◆ Task directions ◆
From the first line to the last, output the data exactly as it stands, minus its pictures.

◆ Data section ◆
- - - -
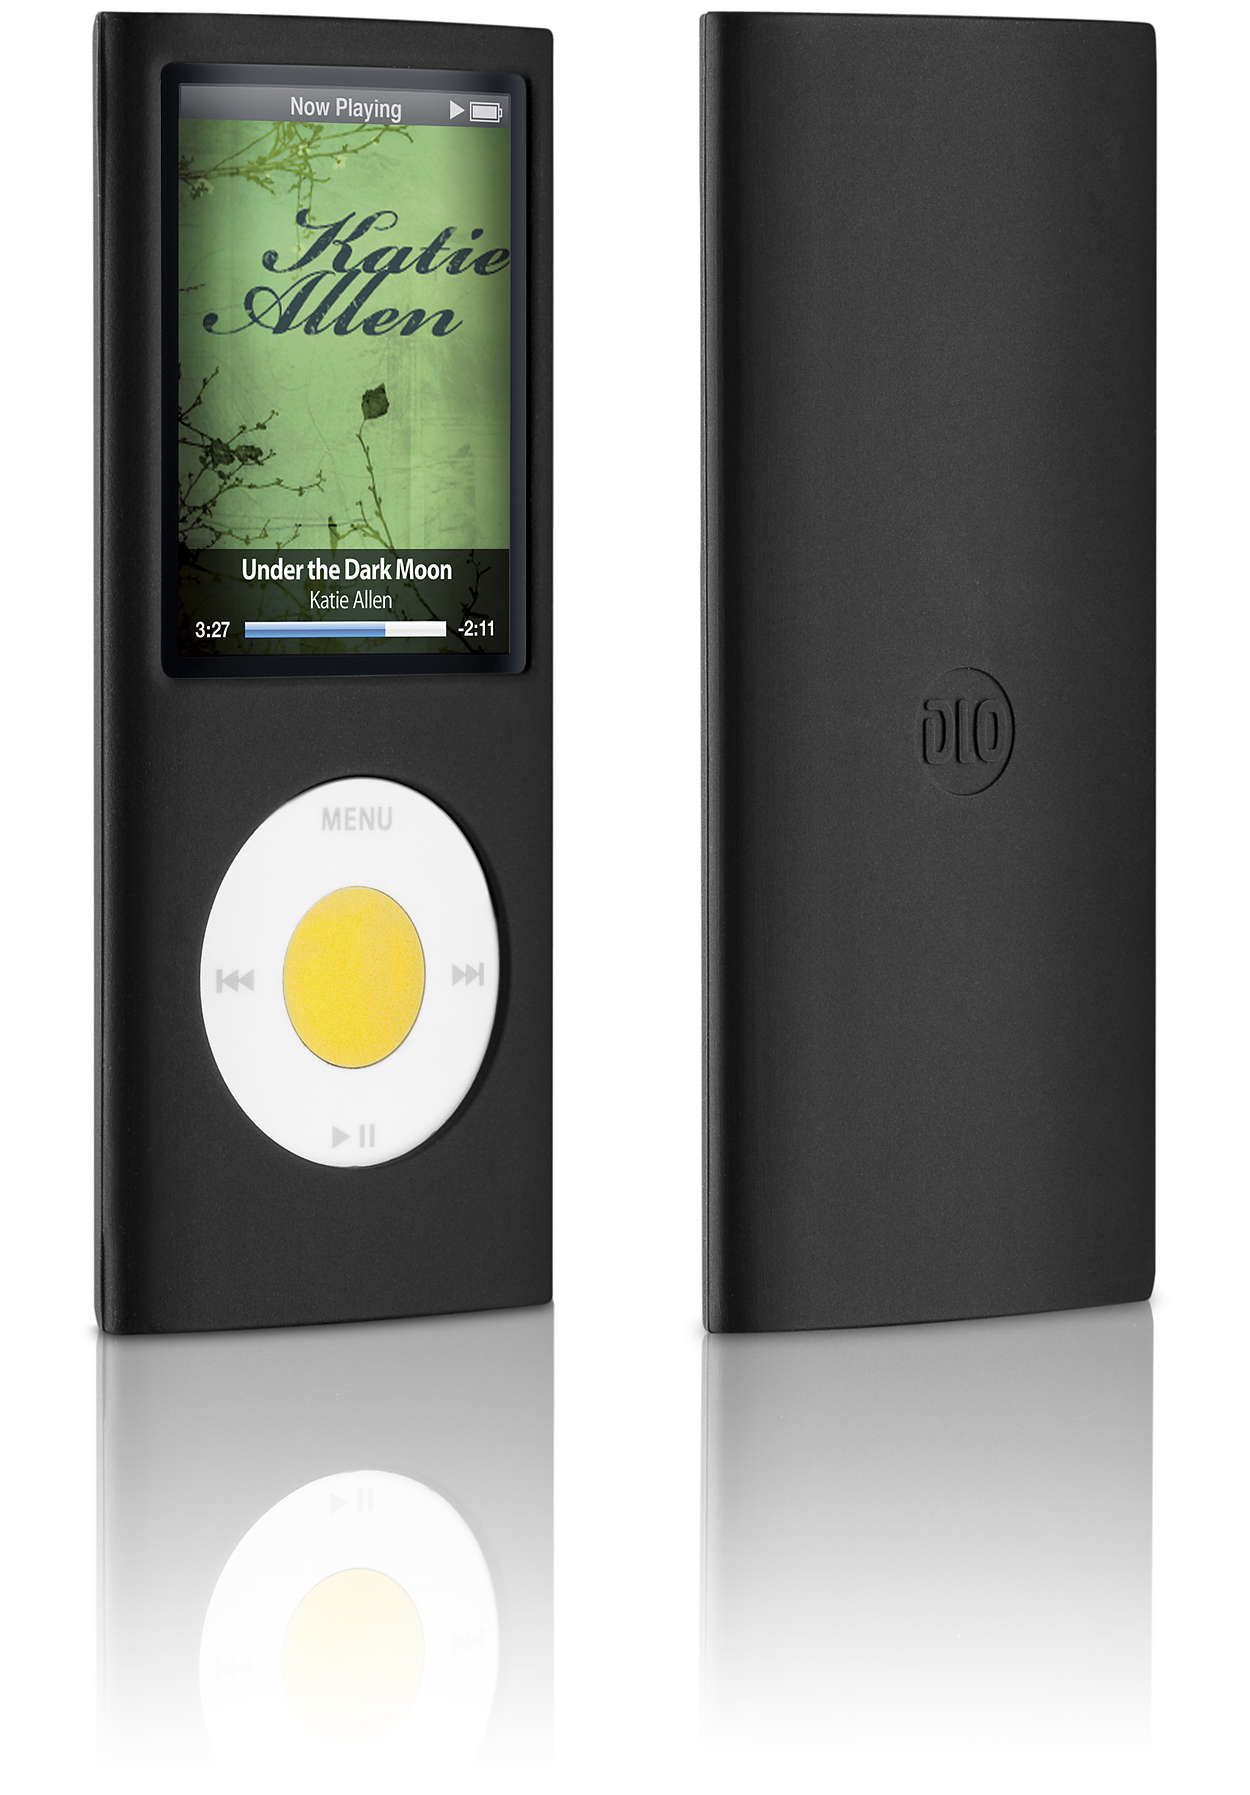 使用矽膠護套保護你的 iPod
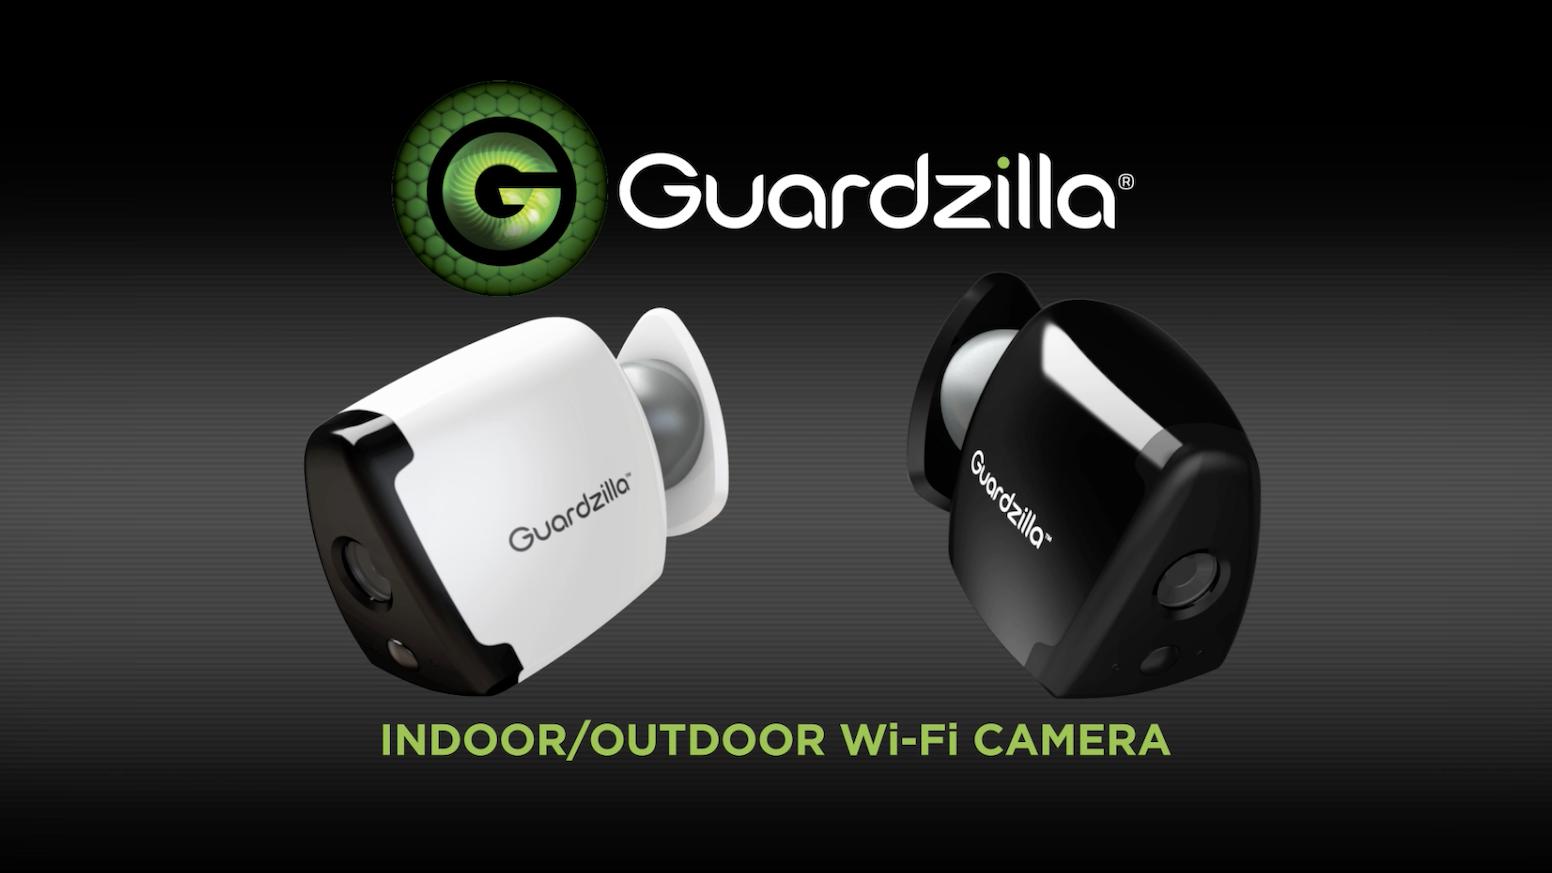 Guardzilla All Weather Wi-Fi Security Camera by Guardzilla
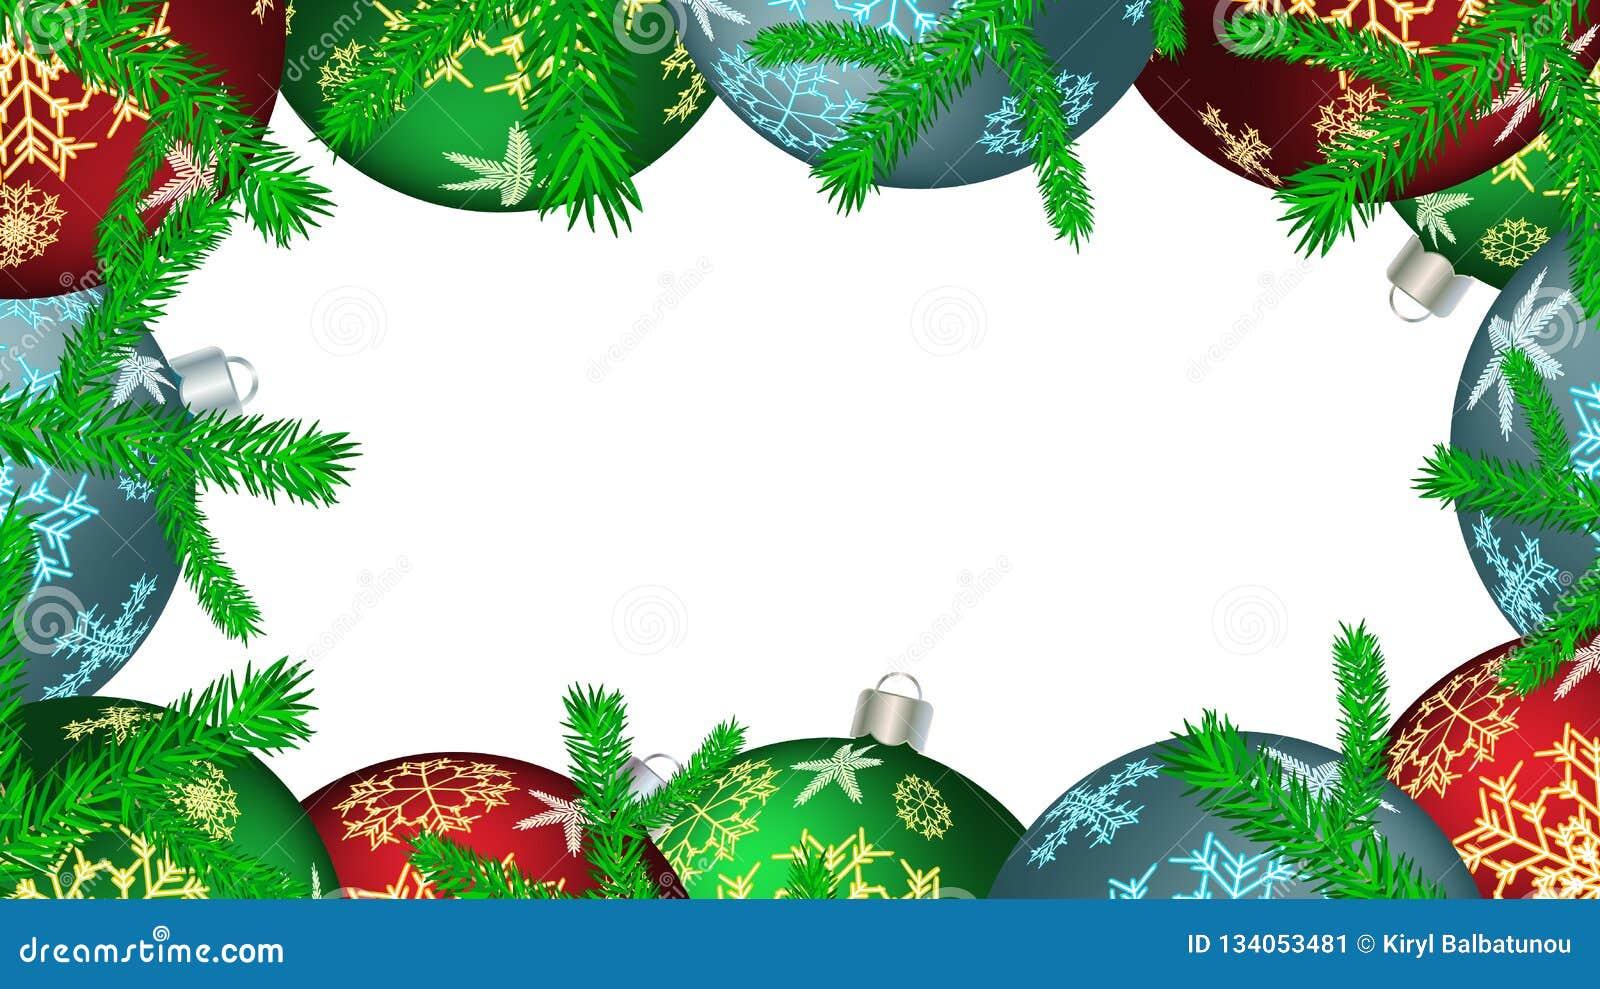 Marcos Para Fotos De Arbol De Navidad.Marco De La Navidad Para Las Bolas Redondas Del Ano Nuevo
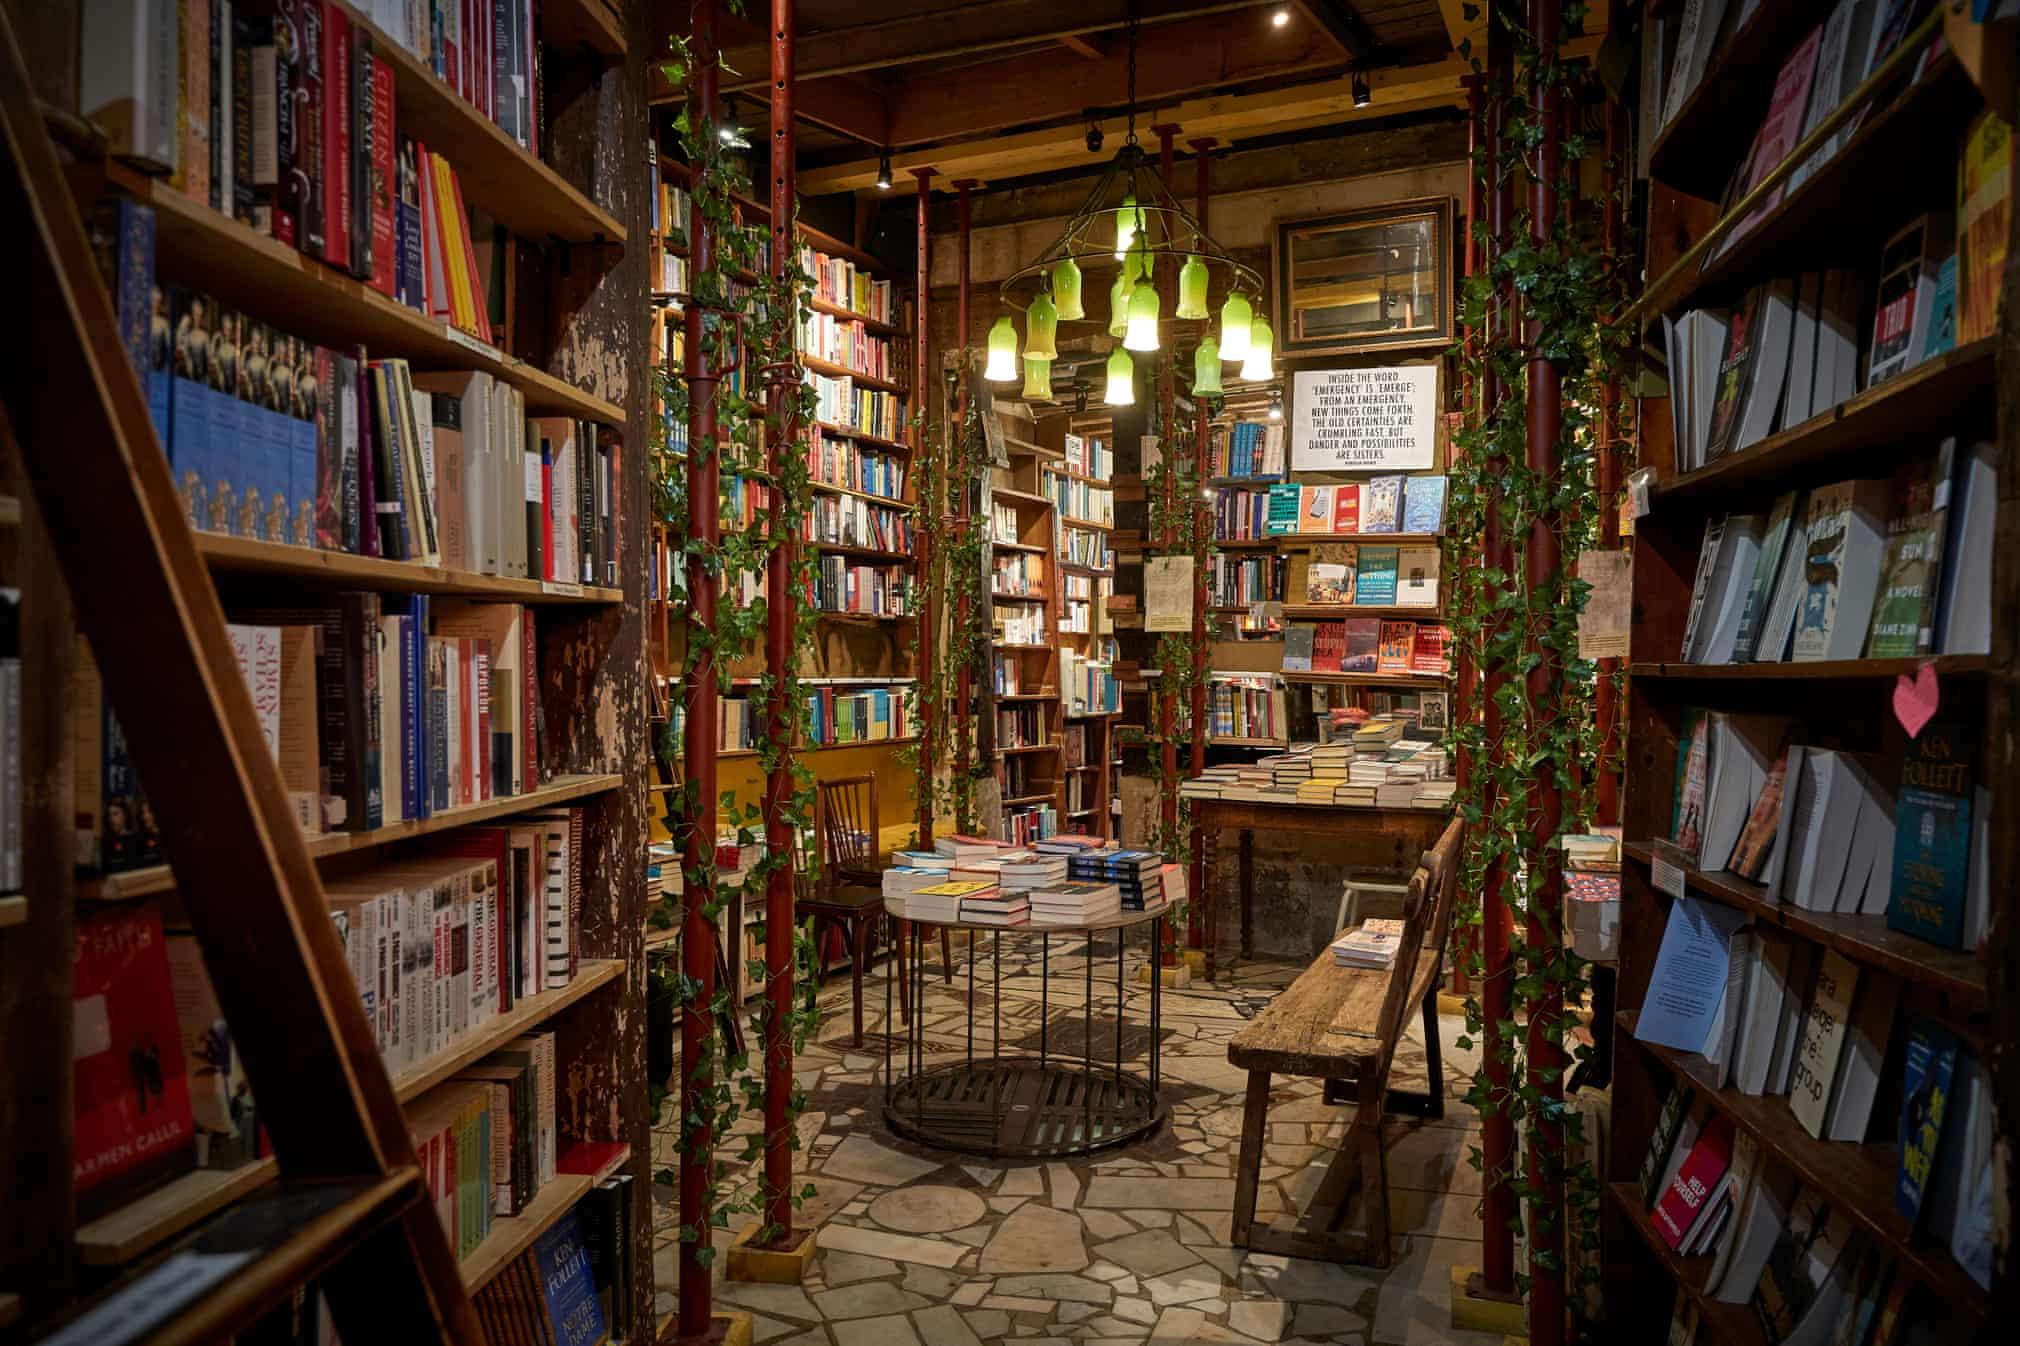 """Ο Γουίτμαν είχε οραματιστεί το βιβλιοπωλείο του ως μία """"σοσιαλτικ"""
- - - -
◆ Task solution ◆
 使用矽膠護套保護你的 iPod
 Guardzilla All Weather Wi-Fi Security Camera by Guardzilla
 Marcos Para Fotos De Arbol De Navidad.Marco De La Navidad Para Las Bolas Redondas Del Ano Nuevo
 """Ο Γουίτμαν είχε οραματιστεί το βιβλιοπωλείο του ως μία """"σοσιαλτικ"""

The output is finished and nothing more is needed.